Corporations fund self-validating studies all the time, but most of them don’t end up published in a Nature journal. Today, that publisher’s Genetics in Medicine outlet posted a study by genetic testing company Invitae that is noteworthy for a few reasons.

The researchers were looking to gauge the value that genetic deletions and duplications—called copy number variants (CNV)—can add to genetic testing. CNVs might be disease-causing or disease-associated (the well-known BRCA1-variation is an example), but most testing companies do not analyze for them: They typically aren’t detectable by whole-genome chromosomal microarrays often used in disease risk testing. The researchers indicate that more could be known about CNV prevalence and implications if certain advanced next-generation sequencing techniques were more widely used.

>>>READ: Telehealth Might Democratize Genetic Counseling (and Testing)

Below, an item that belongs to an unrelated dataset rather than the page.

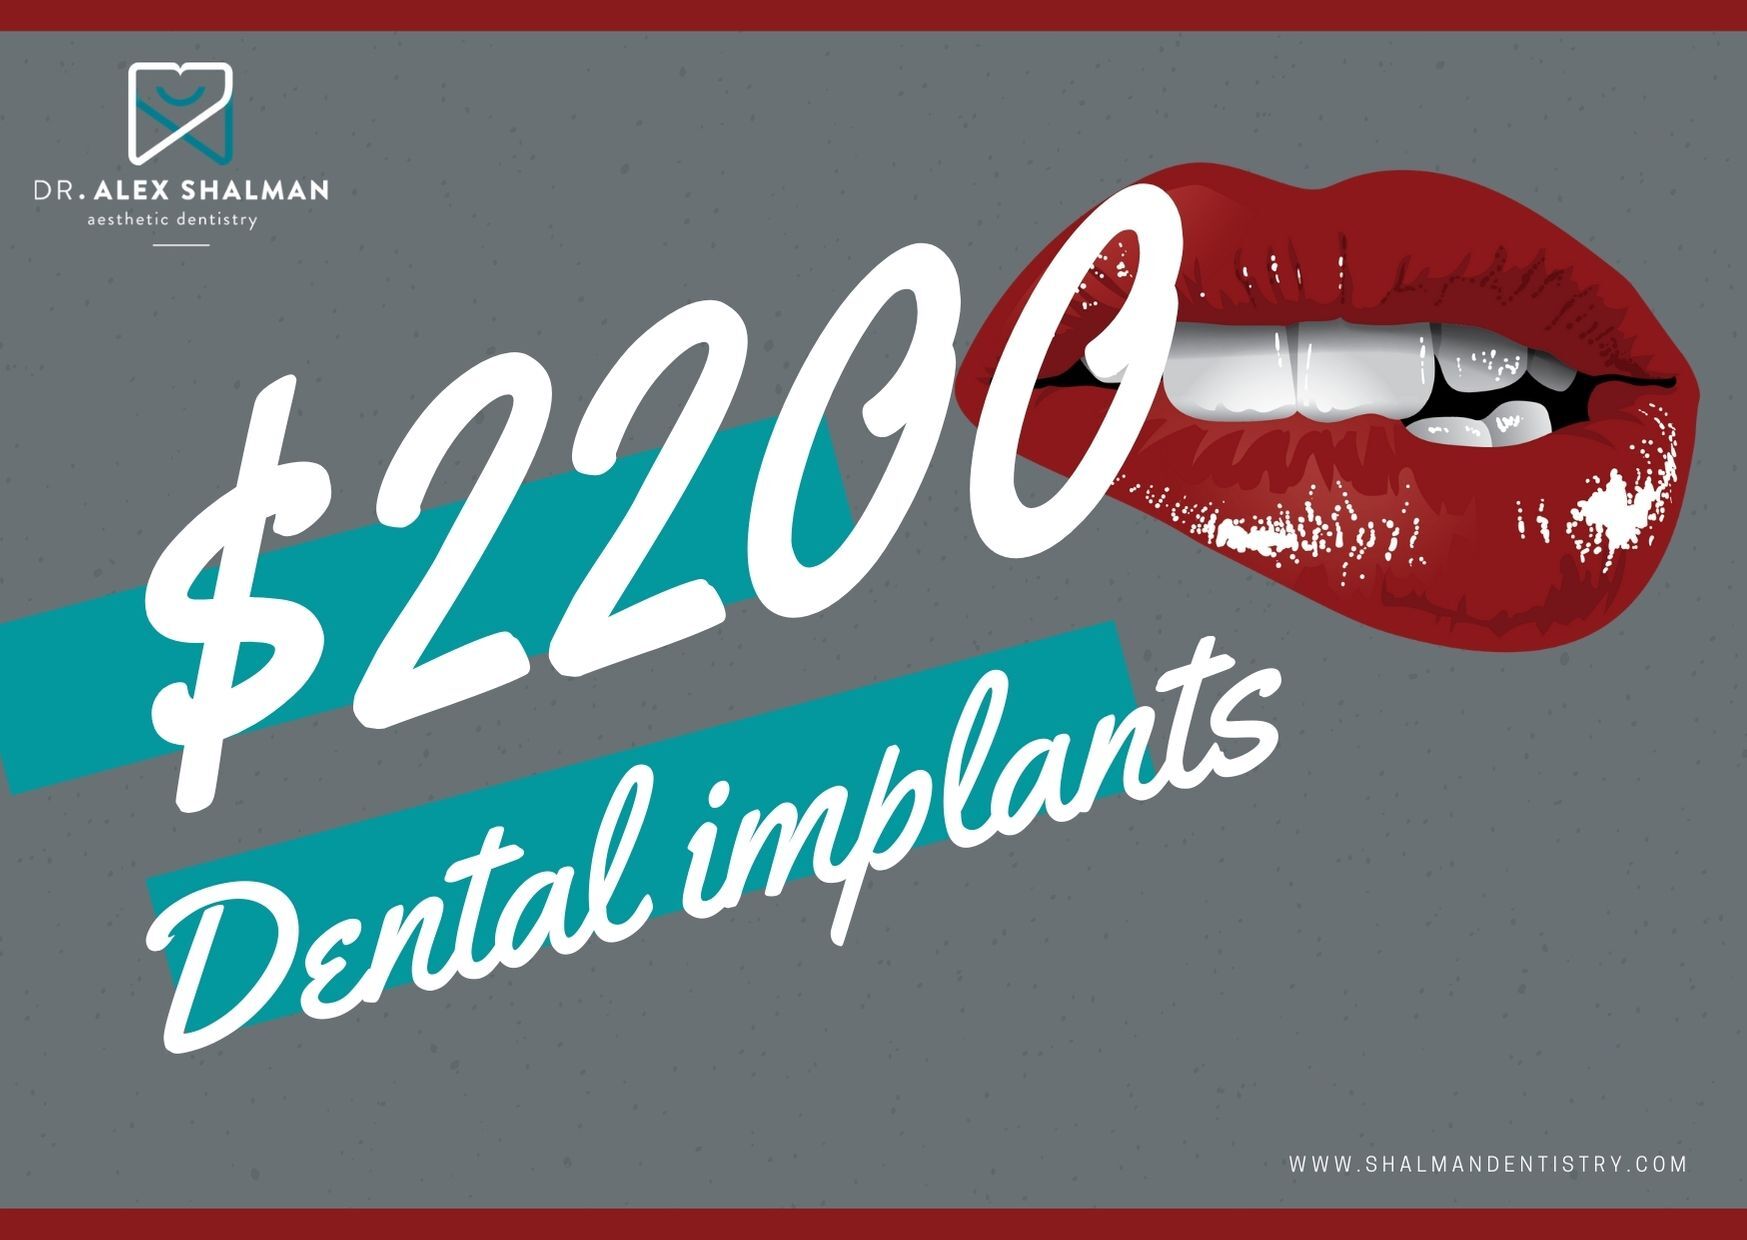 $2200 Dental implants
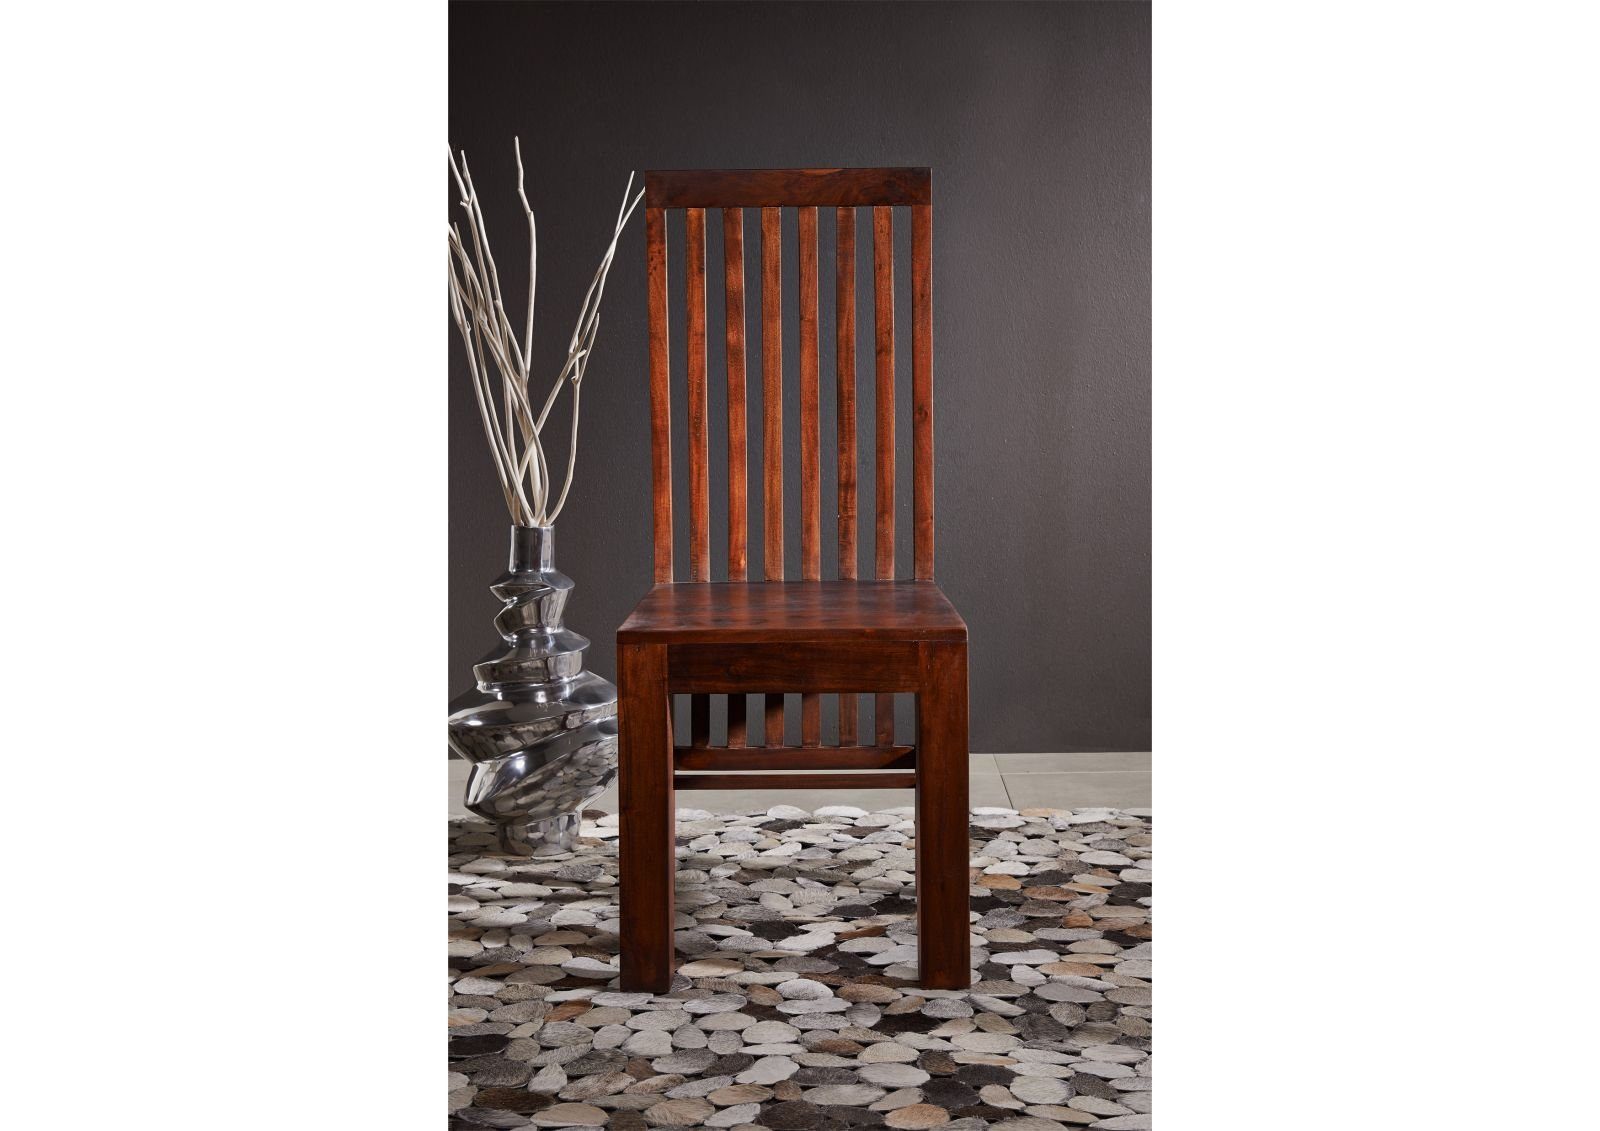 #26 Holzstuhl Stuhl nougat Akazie OXFORD Massivmoebel24 lackiert 46x46x109 dunkelbraun

The new study looked to a colossal data set to learn more about the phenomenon. De-identified sequence data for more than 143,000 individuals were included in the search. They found that about 10% of patients who received a report of potential disease-causing variants had CNVs, with examples across medical specialties, accounting for 4.7% of cardiac pathogenic variants to 35% of neurologic examples.

Invitae’s head of medical affairs, Swaroop Aradhya, PhD, was the study’s senior author. He called the intragenic dataset “one of the largest available” to the medical community, and added that the study did more than just help illustrate CNV prevalence. “We were able to discern properties of CNVs that help us distinguish between those most likely to cause disease versus those that exist as natural variation in the human genome,” he said.

The company’s chief medical officer, Robert Nussbaum, MD, said that the findings suggest that “CNVs are not just clinically significant, they are a critical piece of genetic information that can and should be delivered as part of comprehensive clinical testing.”

But incorporating that measure efficiently requires next-generation sequencing platforms that are capable of simultaneously preening for CNVs alongside other sequence variants. And therein lies the sale: Invitae claims to be the first commercial lab to implement such a thing.